Friday, February 8, 2008

Wholesale Inventories Growing as Sales Shrink

A sharp drop in sales caused a larger inventory build than expected in December of +1.1% MoM (consensus +.3%). This was the largest monthly jump in inventories in a year and a half. In addition, November's figure was revised higher to +.8% from +.6% originally. Over the past year, inventory levels have expanded by +6.1% YoY. Sales fell -.7% MoM, the largest decline in almost a year. Steep declines were seen in auto sales (-2.2% MoM, -8.1% YoY). and computers (-4% MoM). Overall, durable goods sales fell -2% MoM (+1.6% YoY) and non-durable goods sales rose +.4% MoM (+19.3% YoY). Auto inventories grew a substantial +3.5% MoM, following a +2.6% gain the prior month, and the largest monthly increase since April 2006. Over the past year, auto inventories are up +5% YoY. The only category seeing a decline in inventories was computers (-1.2% MoM, +2.7% YoY). Non-durable goods inventories rose +1.6% MoM (+13.6% YoY). Non-durables include food and drugs. Stockpiles of oil rose +9.2% MoM. The inventory to sales ratio rose to 1.09 months, which is not far above the recent low of 1.07 months in November. The durable goods I/S ratio rose the most, to 1.48 months.
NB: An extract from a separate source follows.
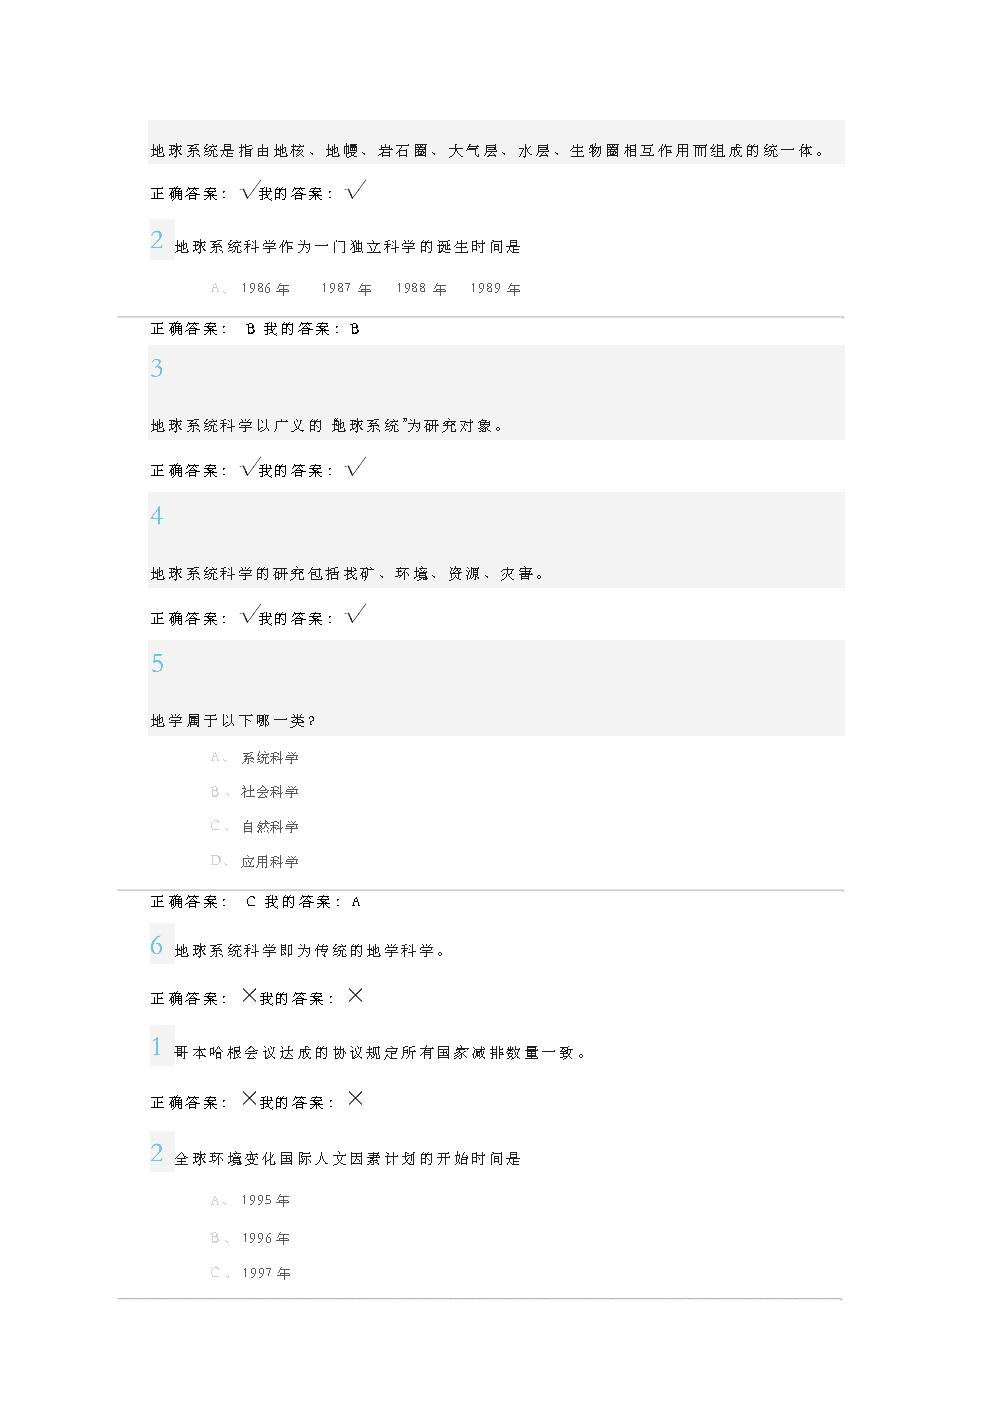 【经典】尔雅全球变化与地球系统科学作业答案(DOC X页).docx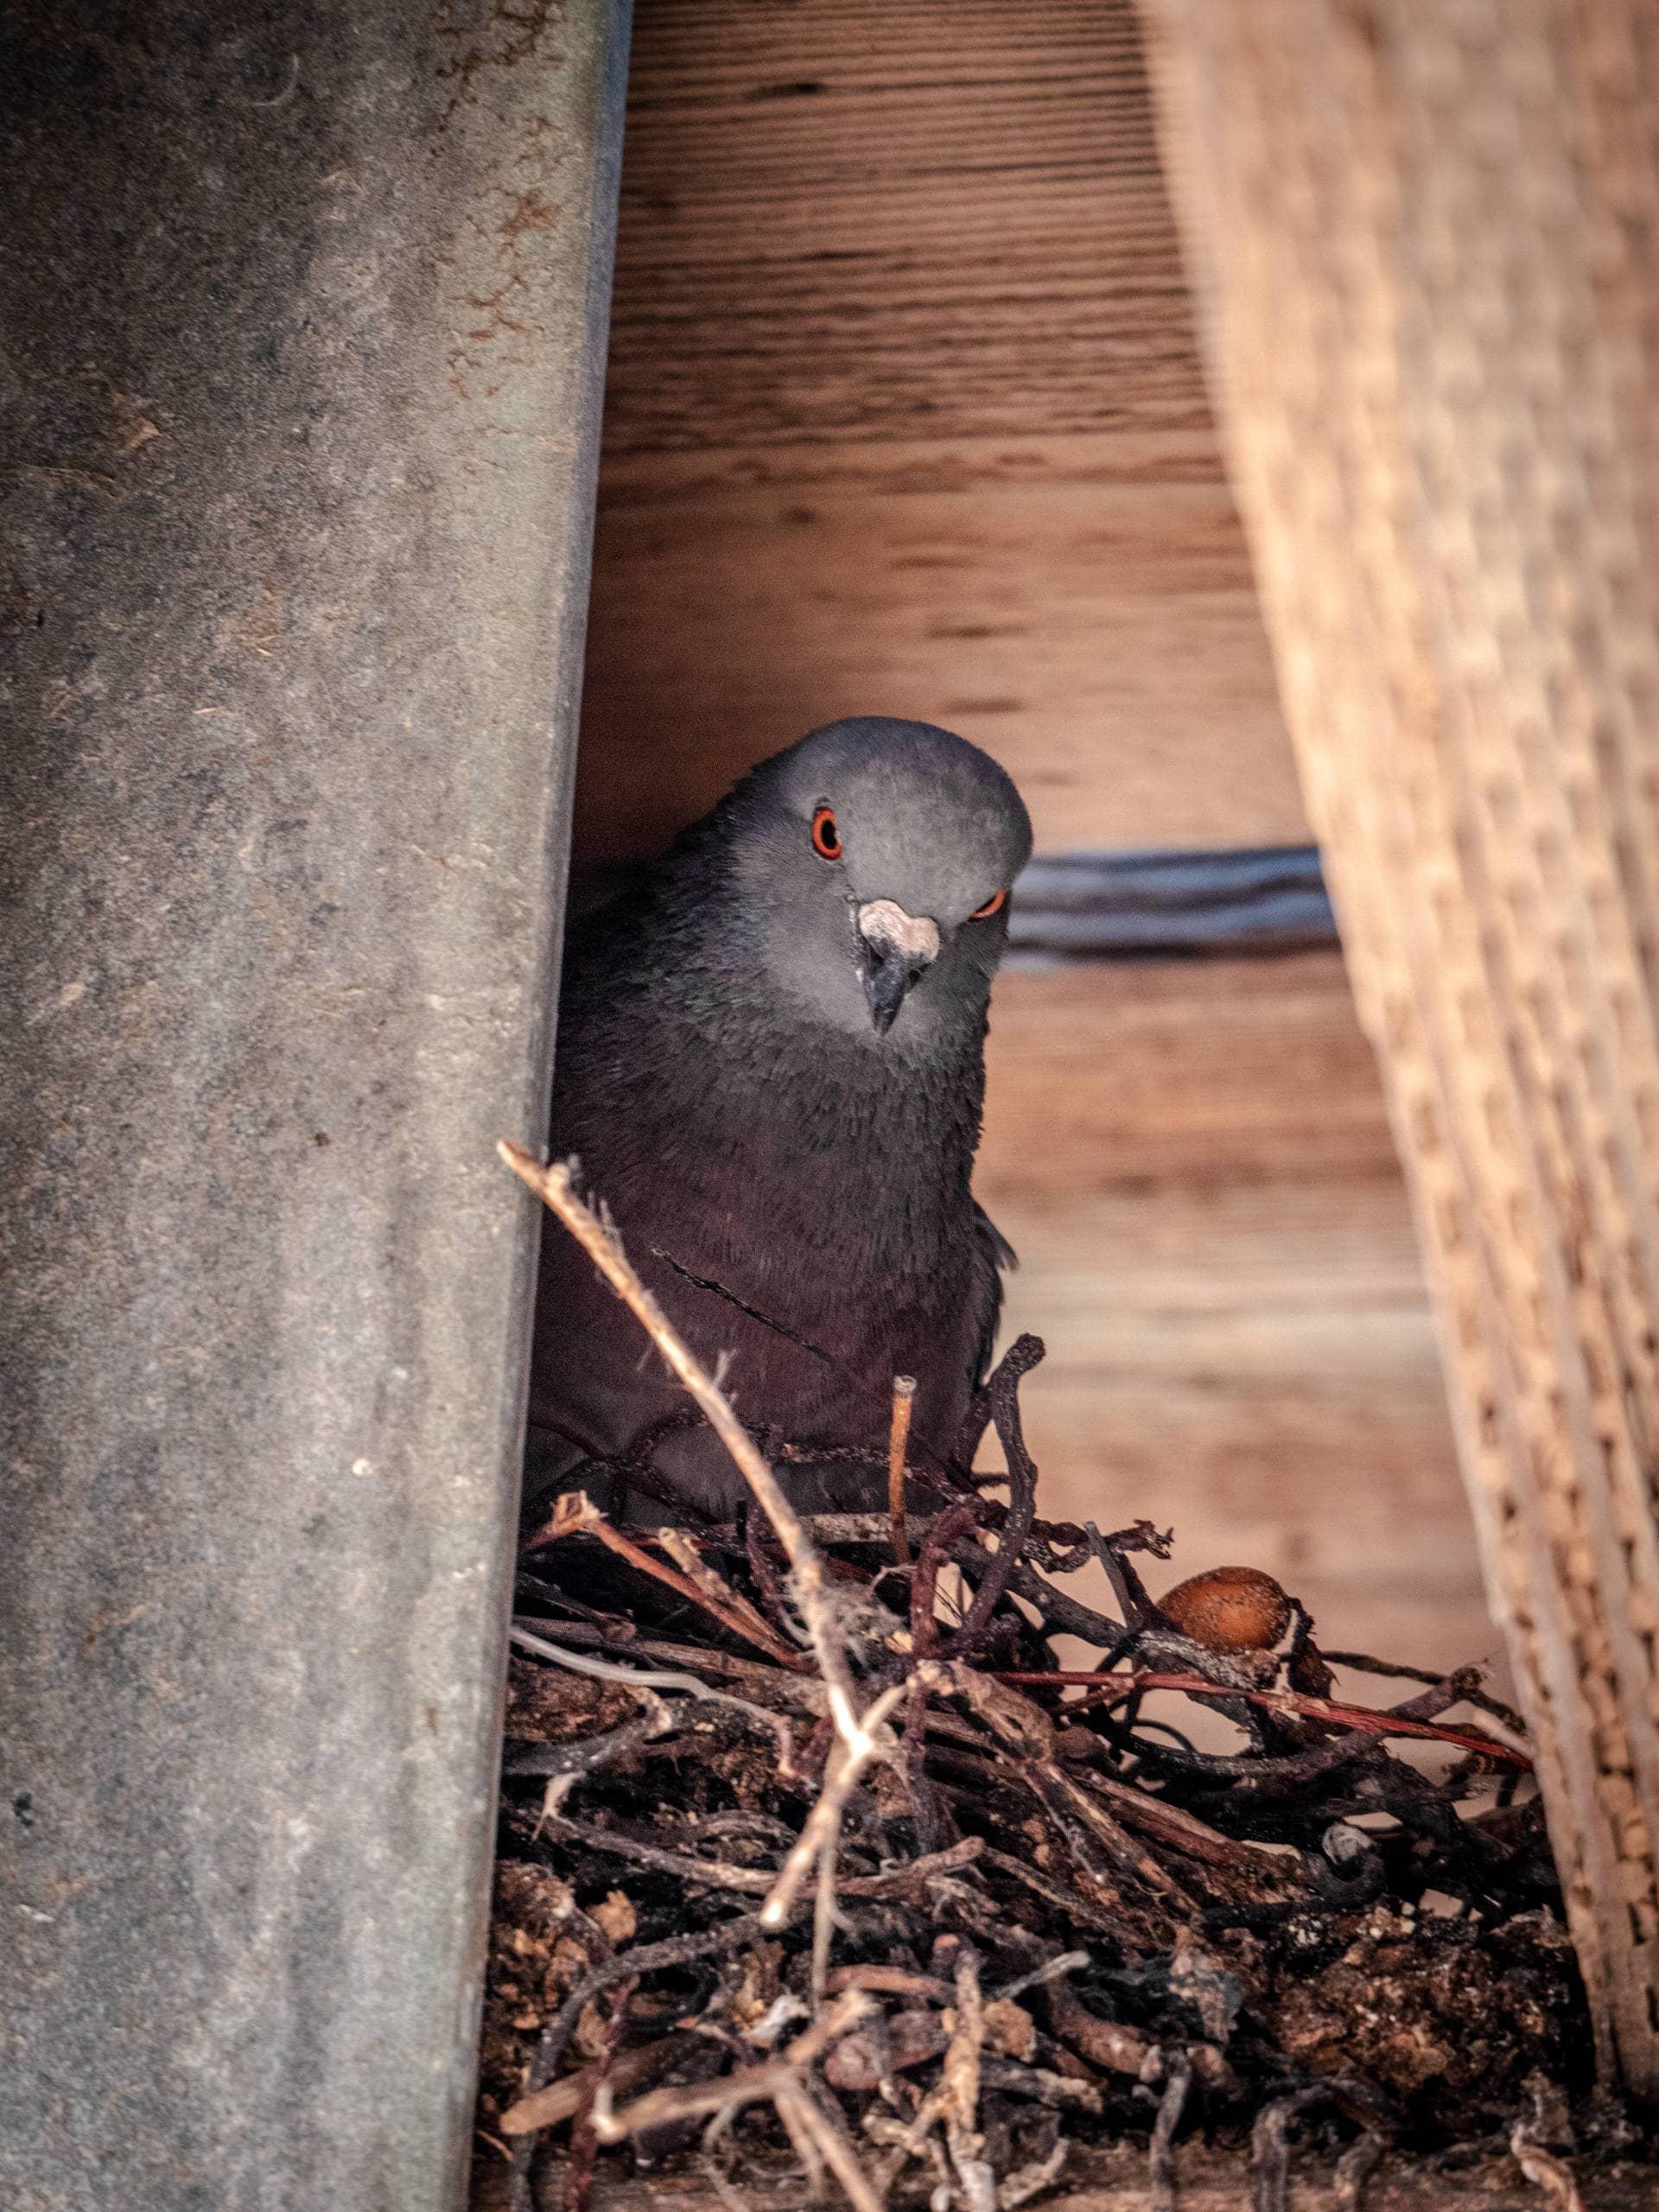 Leering Pigeon

Excess inventories indicate that demand is declining, and production will need to slow down to accommodate reduced consumption. This data is likely to slightly boost 4th quarter 2007 GDP estimates, and further reduce 1st quarter 2008 GDP forecasts. Manufacturing ISM, factory orders, and industrial production are all likely to weaken this winter.